Hence one of the improvements we require from component registration is the metadata for the component's logging channel. This metadata includes among other things intended audience, frequency, error message mapping for corrective actions, support for payload, grouping etc. In other words, it helps the logging consumer take appropriate actions on the logging payload. Today the consumer decides whether to flush to disk, send to logging subscribers, redirect to a database, It slaps headers on the data for information such as for the listener when sending over the network etc, takes different actions when converting the data to binary mode, support operations such as compression, encryption, etc and maintains different modes of operation such as performance oriented with fast flush to disk or feature oriented such as above. Throttling and resource management of logging channels is possible via redirection to null queue.
In general, a sliding window protocol could be implemented for the logging channel with support for sequence number, There are many features that can be compared with the similarity to a TCP implementation.
TCP has several features - reordering, flow control etc . For our purposes we don't have reordering issues.

Sunday, July 20, 2014

In today's post we continue to investigate applications of Splunk. One of the applications is supportability. Processes, memory, CPU utilization, file descriptor usages, system call failures are pretty much the bulk of the failures that require supportability measures. The most important of the supportability measures is the logging and although all components log, most of the fear around verbose logging has centered around pollution of logs. In fact most often used components lack helpful logging only because they are used so often that it rapidly grows the size of the log to an overwhelming number. Such a log is found offensive to admins who view the splunkd log as actionable and for their eyes only.
Now searches have their own logs and they generate logs for the duration of the sessions. Search artifacts are a blessing for across the board troubleshooting. It can be turned to debug mode, the generate log file is persisted only for the duration of the user session invoking the search and it does not bother the admins.
What is required from the components that don't log even to the search logs because they are so heavily used or are used at times other than searches is to combine the technique for search logs with this kind of logging.

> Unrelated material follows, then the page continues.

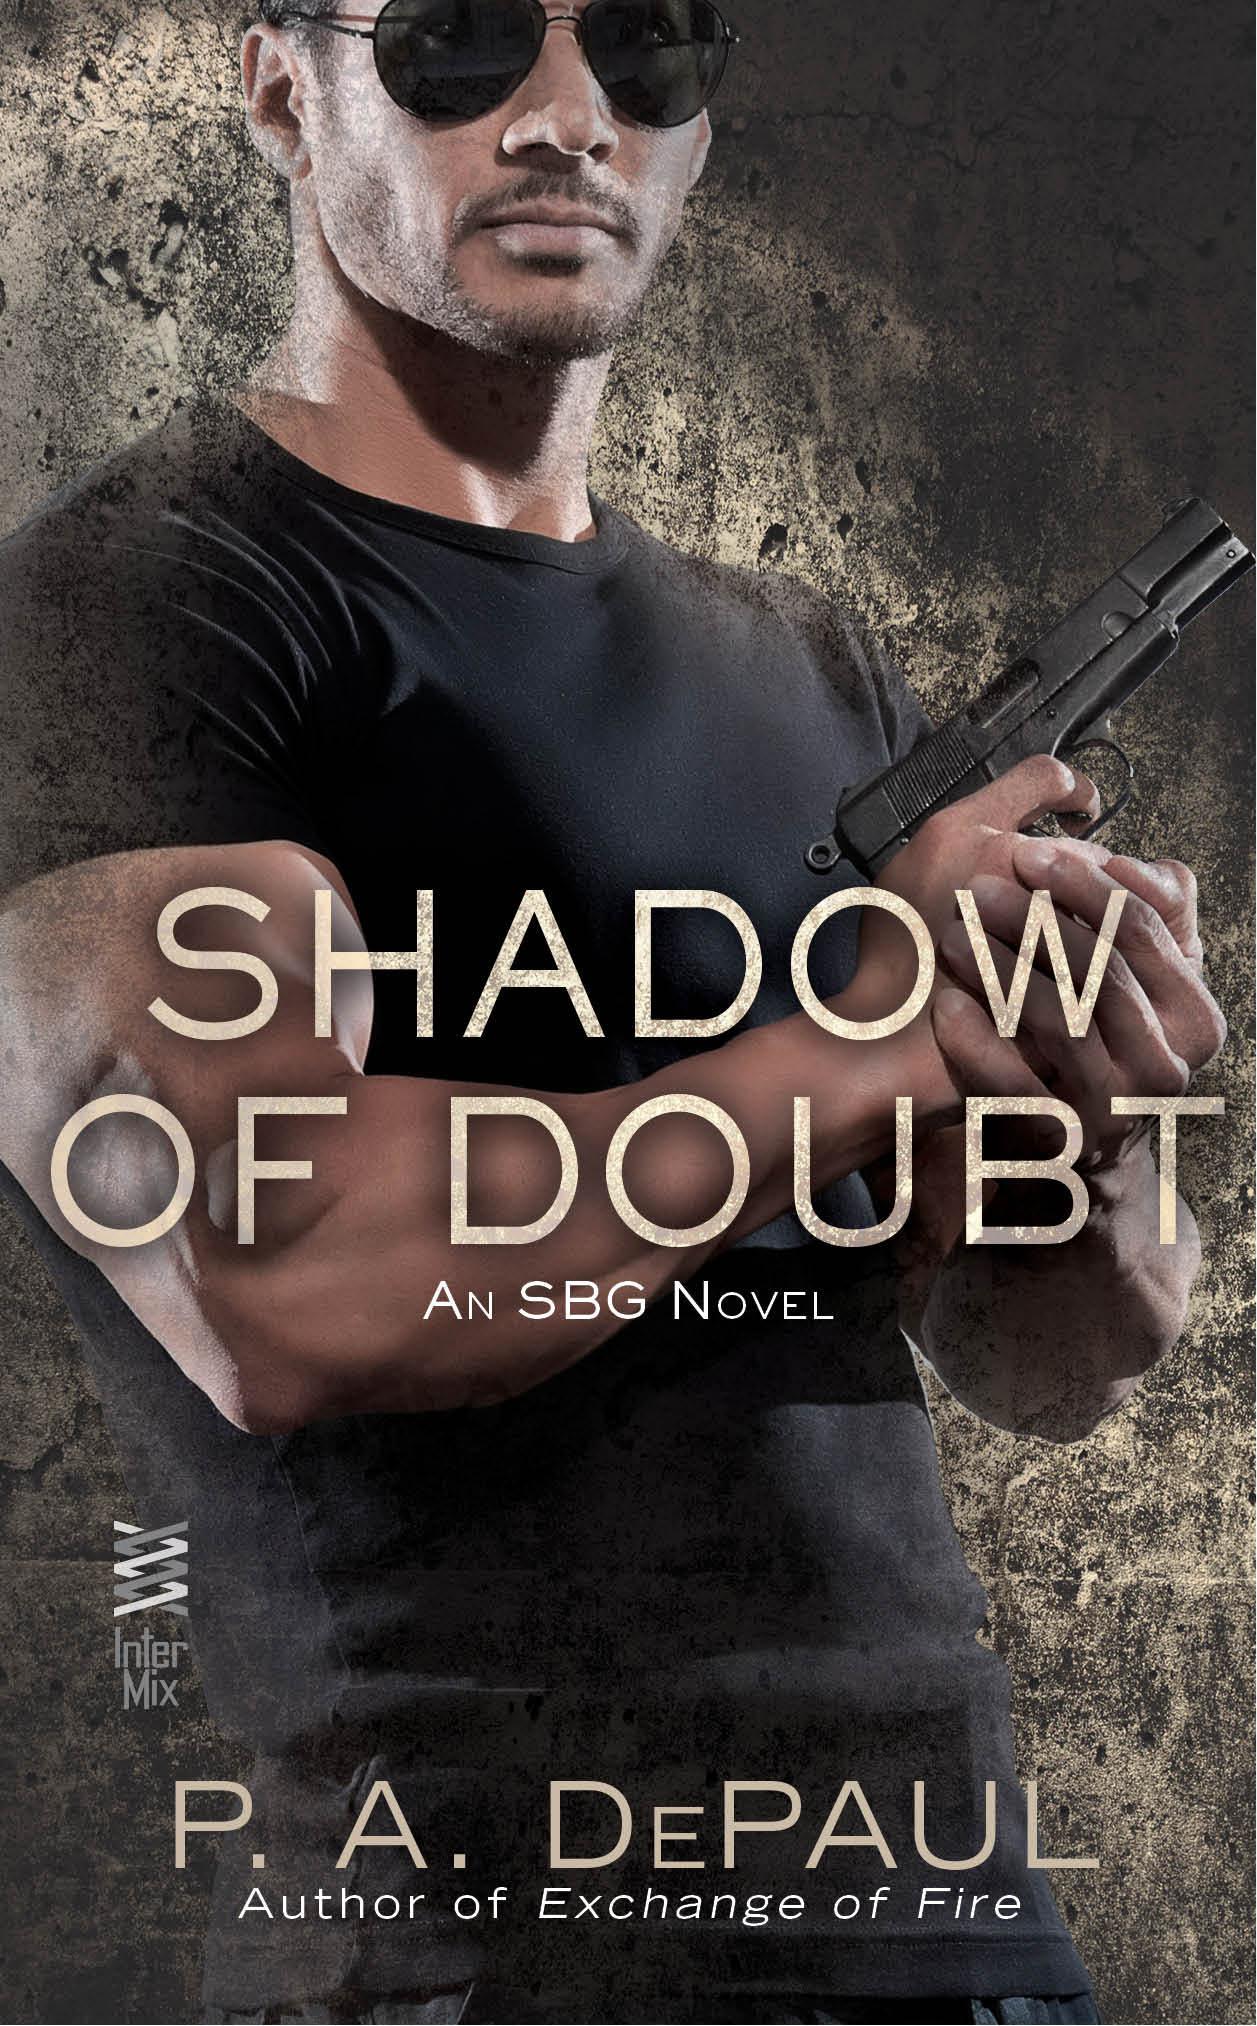 Shadowofdoubt

The call for action is not just for components to log more or support logging to a different destination or have grades of logging but fundamentally allow a component to log without any concern for resources or impact. Flags can be specified by the component for concerns such as logging levels or actions. A mechanism may also be needed for loggers to specify round robin.
The benefit of a round robin in memory log buffer is the decoupling of producers from the consumers. We will talk about logging improvements a lot more and cover a lot of aspects but the goal for now is to cover just this.
The in-memory buffer is entirely owned by the application and as such the components can given the slot number to write to. The entry or content for the log entries will follow some format but we will discuss that later. There can be only one consumer for this in-memory buffer and that services one or more out of process consumers that honor the user/admin's choices for destination, longevity and transformations.